**Data records**
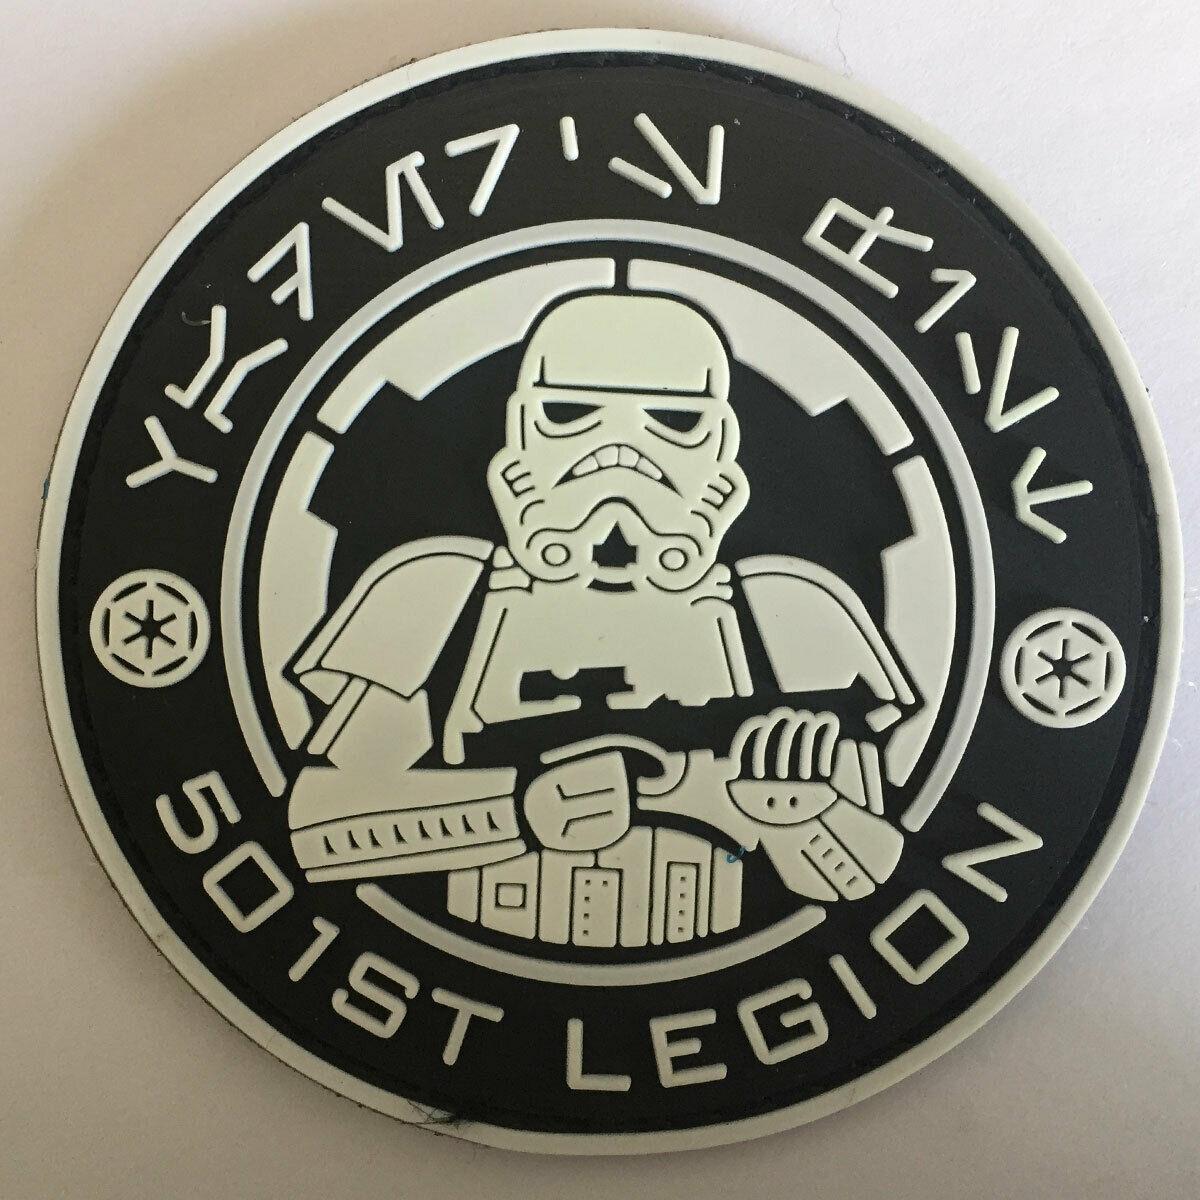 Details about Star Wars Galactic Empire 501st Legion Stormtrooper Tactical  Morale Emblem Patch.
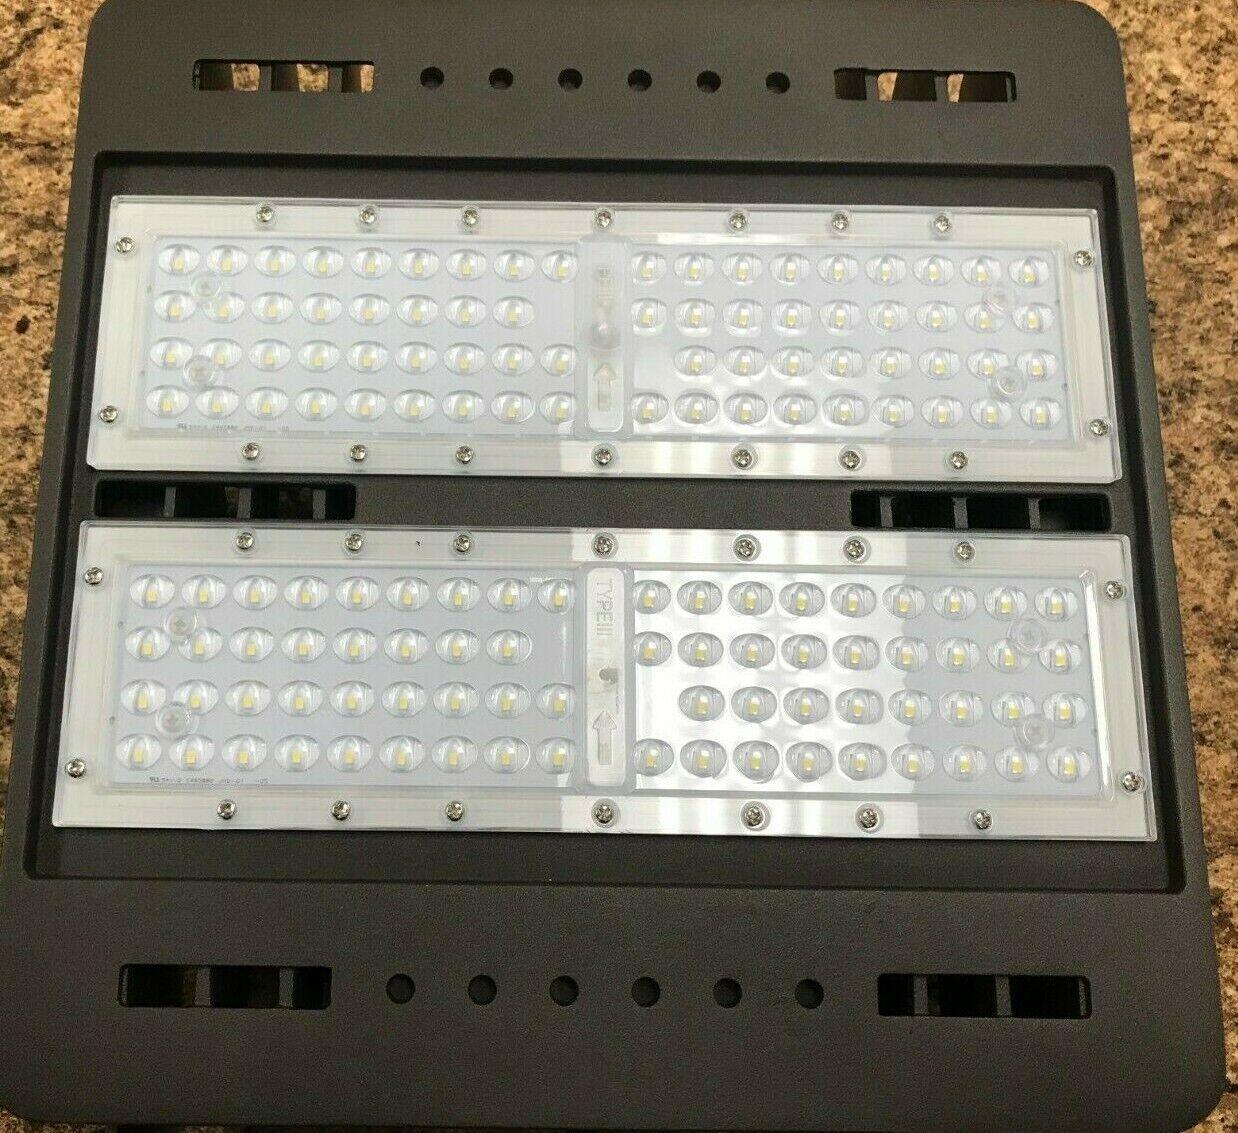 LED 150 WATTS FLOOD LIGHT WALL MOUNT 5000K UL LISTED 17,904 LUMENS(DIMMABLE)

--

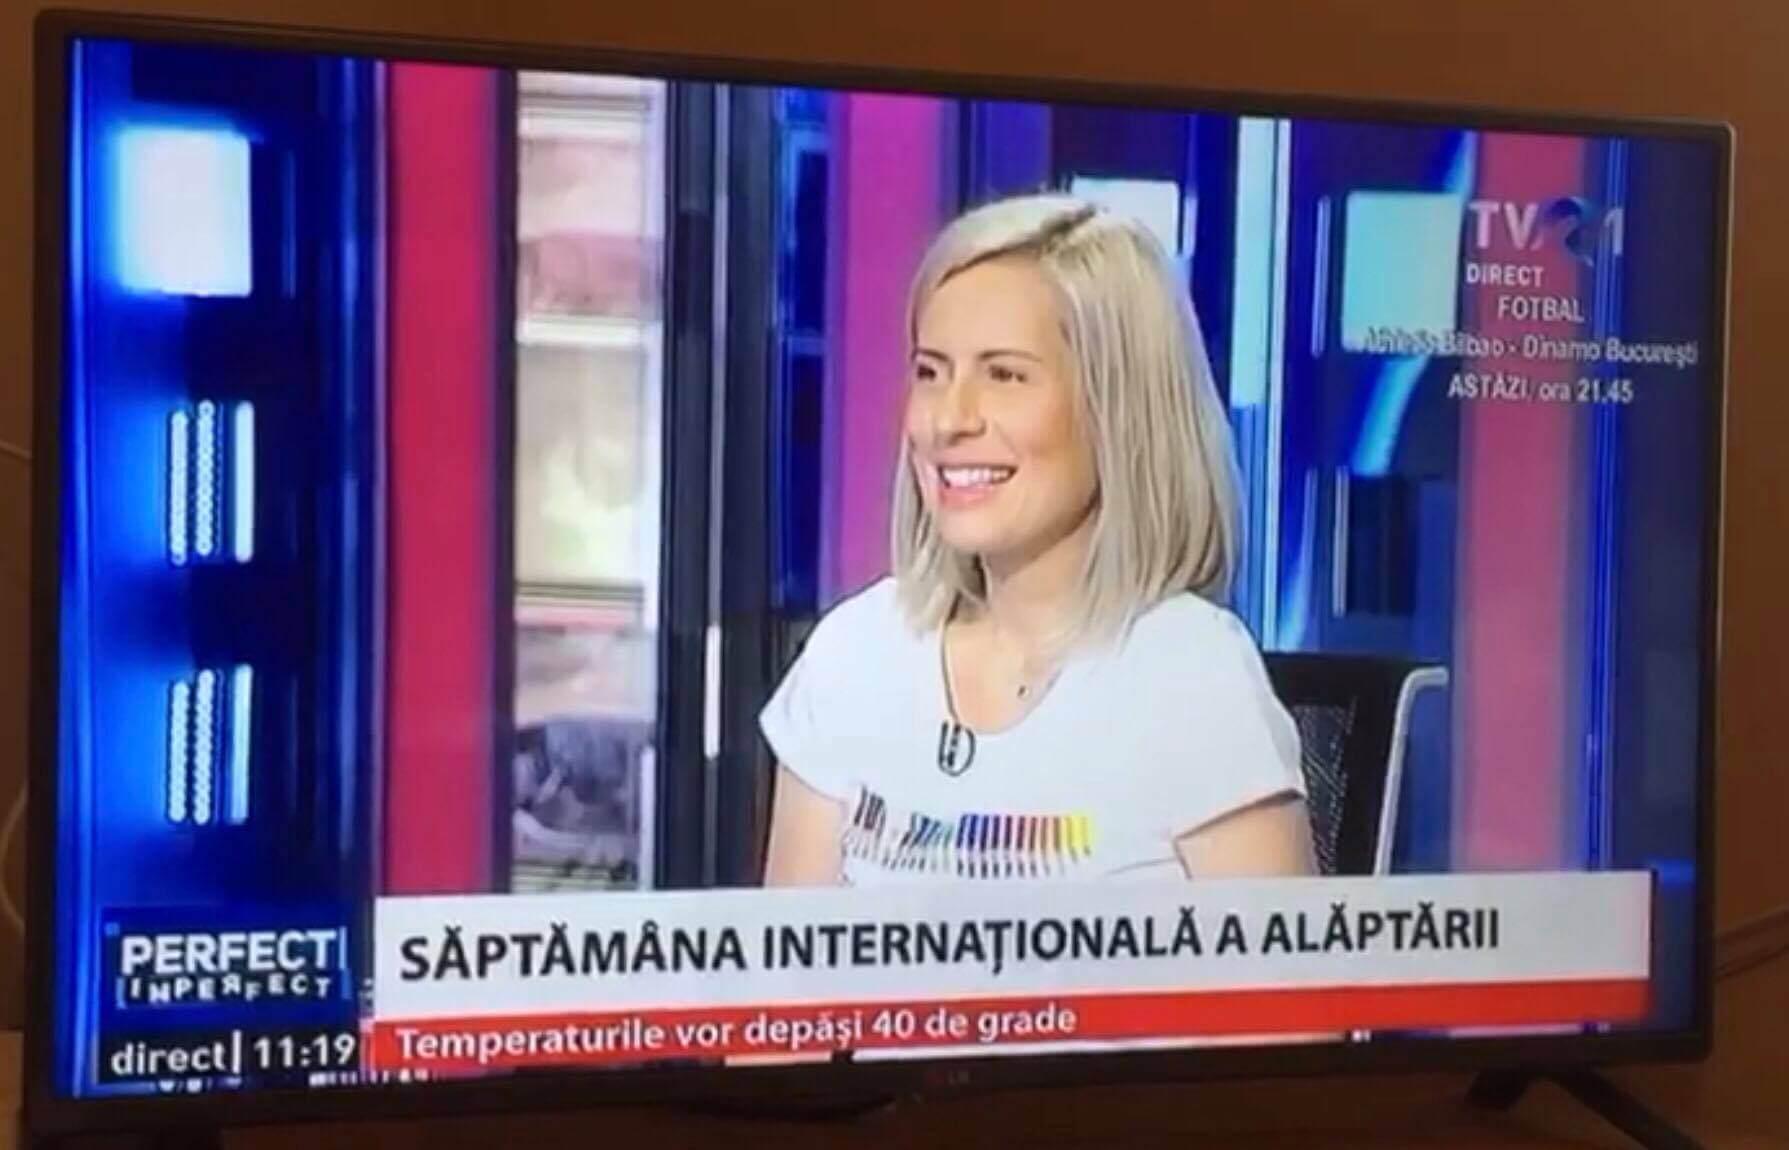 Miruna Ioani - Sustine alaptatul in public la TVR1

**What to work on**
Your answer should consist of the lines above between those holding "Details about Star" and "LED 150 WATTS", inclusive, reproduced word for word and without pictures.

**Exercise response**
 Details about Star Wars Galactic Empire 501st Legion Stormtrooper Tactical  Morale Emblem Patch.
 LED 150 WATTS FLOOD LIGHT WALL MOUNT 5000K UL LISTED 17,904 LUMENS(DIMMABLE)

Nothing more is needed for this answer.